Business combination is a transaction or other event in which an acquirer obtains control of one or more businesses.

Business combinations may be in the following forms:

1. Merger (A + B = A / B)

2. Consolidation (A + B = C)

3. Stock Acquisition

Accounting for Business Combination

An entity shall account for each business combination by applying the acquisition method. Applying the acquisition
method requires:

(1) identifying the acquirer;

(2) determining the acquisition date;

(3) recognizing and measuring the identifiable assets acquired, the liabilities assumed and any non-controlling interest in
the acquiree; and

(4) recognizing and measuring goodwill or a gain from a bargain purchase.

Measurement Period

The measurement period is the period after the acquisition date during which the acquirer may adjust the provisional
amounts recognized for a business combination.

PROBLEM I

On January 2, 2020, P Company purchased the net assets of S Company by paying P850,000 cash and issuing shares of stocks at
P3,110,000 fair market value. Book value and fair value data on the Statement of Financial Position on January 2, 2020 are as follows:

P Company S Company
Book Value Fair Value Book Value Fair Value
Cash 4,600,000 4,600,000 300,000 300,000
Accounts Receivable 1,000,000 1,000,000 980,000 980,000
Inventory 1,500,000 1,300,000 710,000 600,000
Building, net 1,800,000 1,460,000 1,520,000 1,064,000
Goodwill 90,000 80,000
Total 8,900,000 8,360,000 3,600,000 3,024,000

Liabilities 1,000,000 1,000,000 570,000 570,000


Share Capital 1,600,000 600,000
Share Premium 900,000 960,000
Retained Earnings 5,400,000 1,470,000
Total 8,900,000 3,600,000

P incurred and paid legal and brokerage fees of P25,600 for business combination; share issue costs of P23,000 indirect acquisition
costs. It is determinable that contingency fee of P11,800 would be paid within the year.

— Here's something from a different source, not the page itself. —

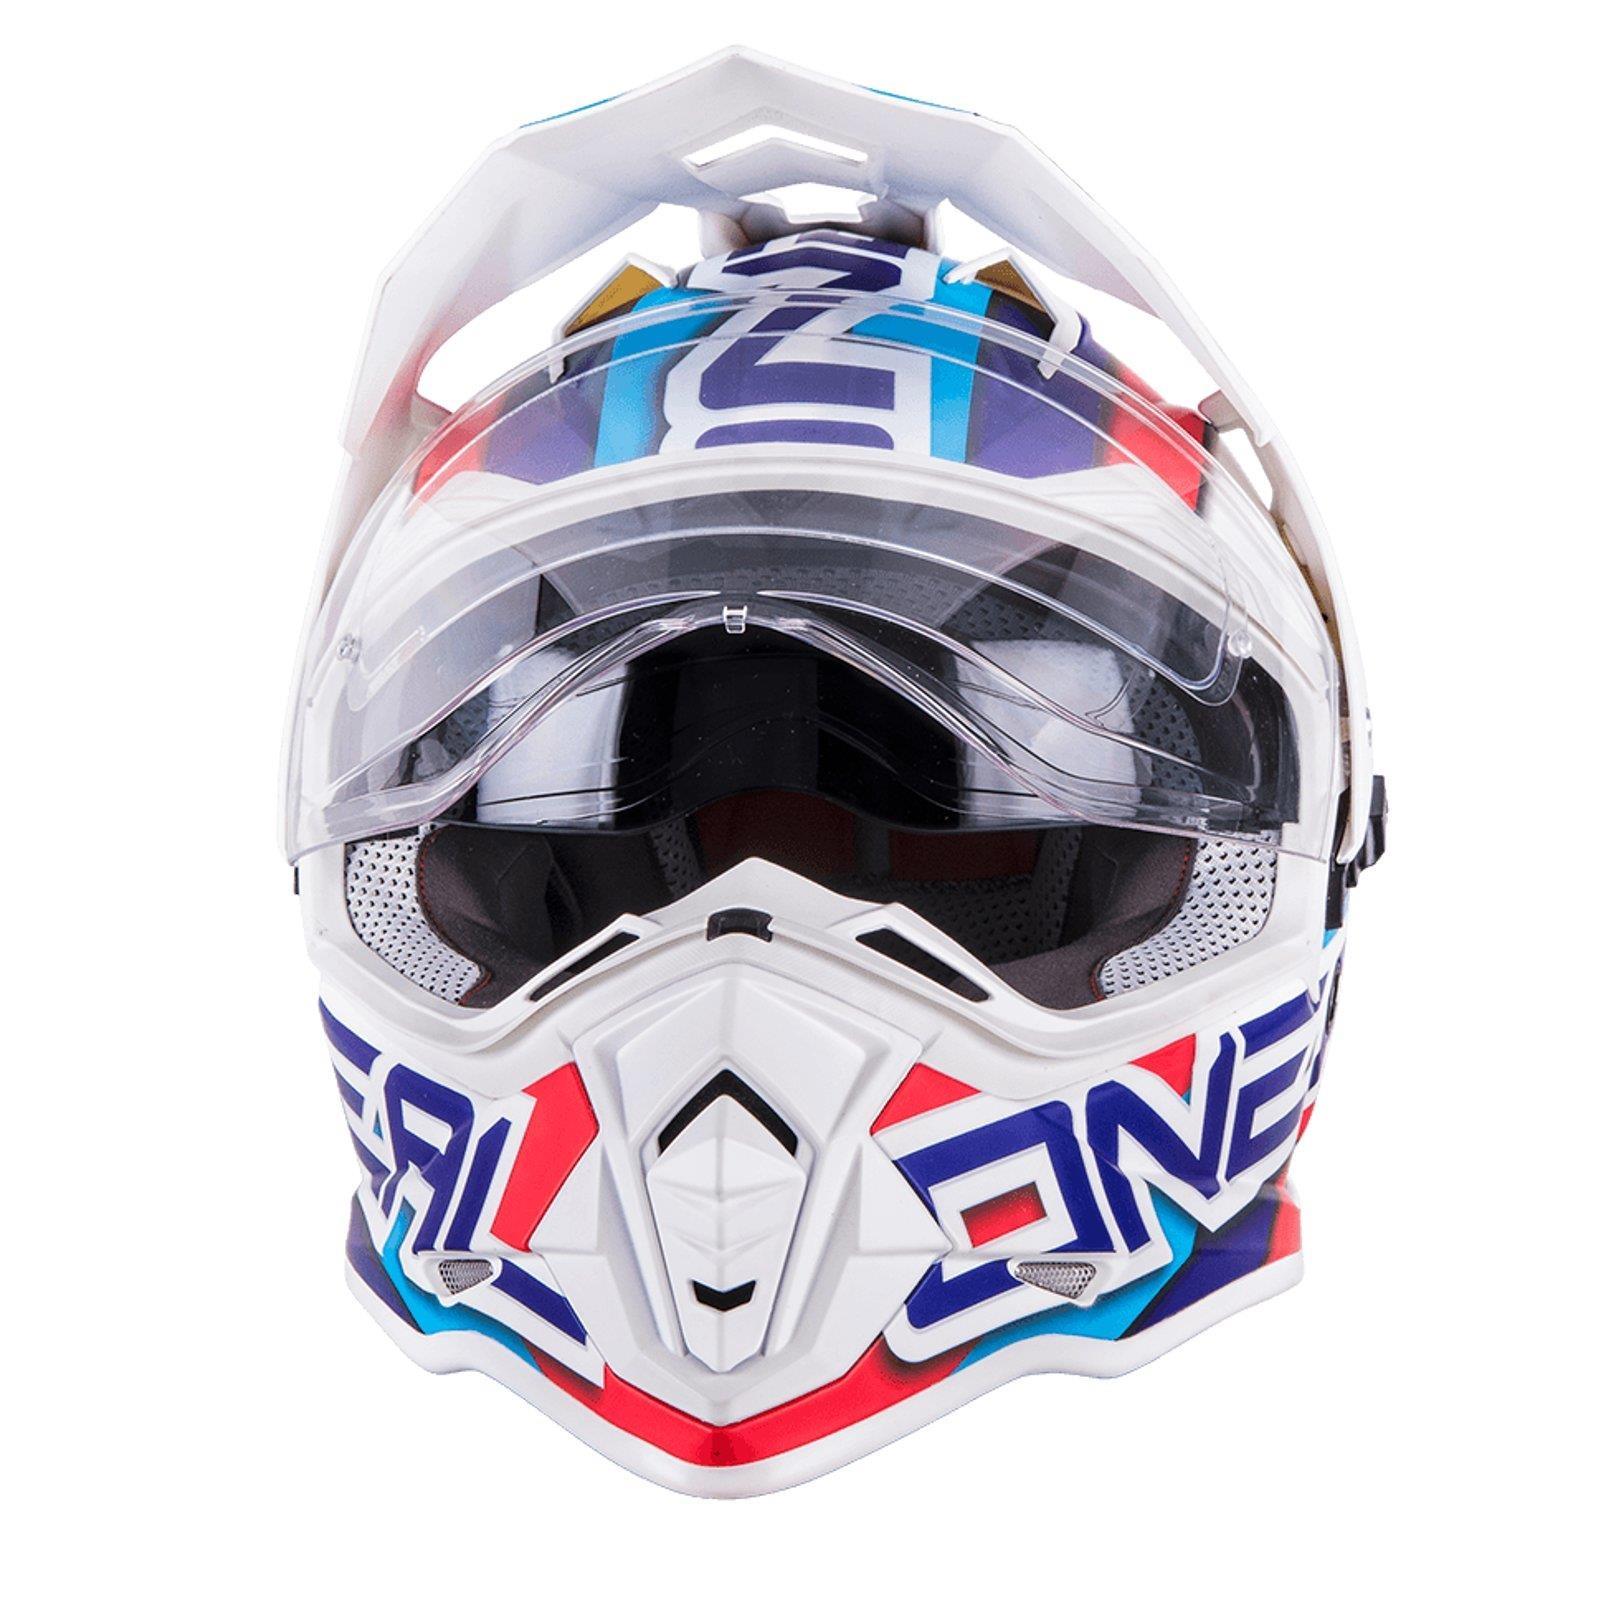 O'Neal SIERRA II Helmet Slingshot Motorcycle Motocross MX Enduro Quad Offroad Cross | eBay

1. The total assets after the business combination is

2. The total shareholder’s equity after the business combination is


PROBLEM II

A condensed Statement of Financial Position of Cable Company at August 1, 2020 and related fair value are presented below:

Book Value Fair Value


Current Assets 368,000 404,500
Plant Assets 592,500 690,000
Patent (net) 58,500 48,000
Total 1,019,000

Current Liabilities 107,500 107,500


Long-term debt 280,000 297,500
Share capital, P20 par 210,000
Retained earnings 421,500
Total 1,019,000

On August 1, 2020, Sky Corporation issued 10,700 shares of its P24 par value ordinary share (current fair value is P33 per share)
and P145,000 cash for the net assets of Cable Company. Of the 47,500 out of pocket costs paid by the acquirer on acquisition
date, P26,500 was indirect cost and the remainder were legal fees and finders fees related to business combination.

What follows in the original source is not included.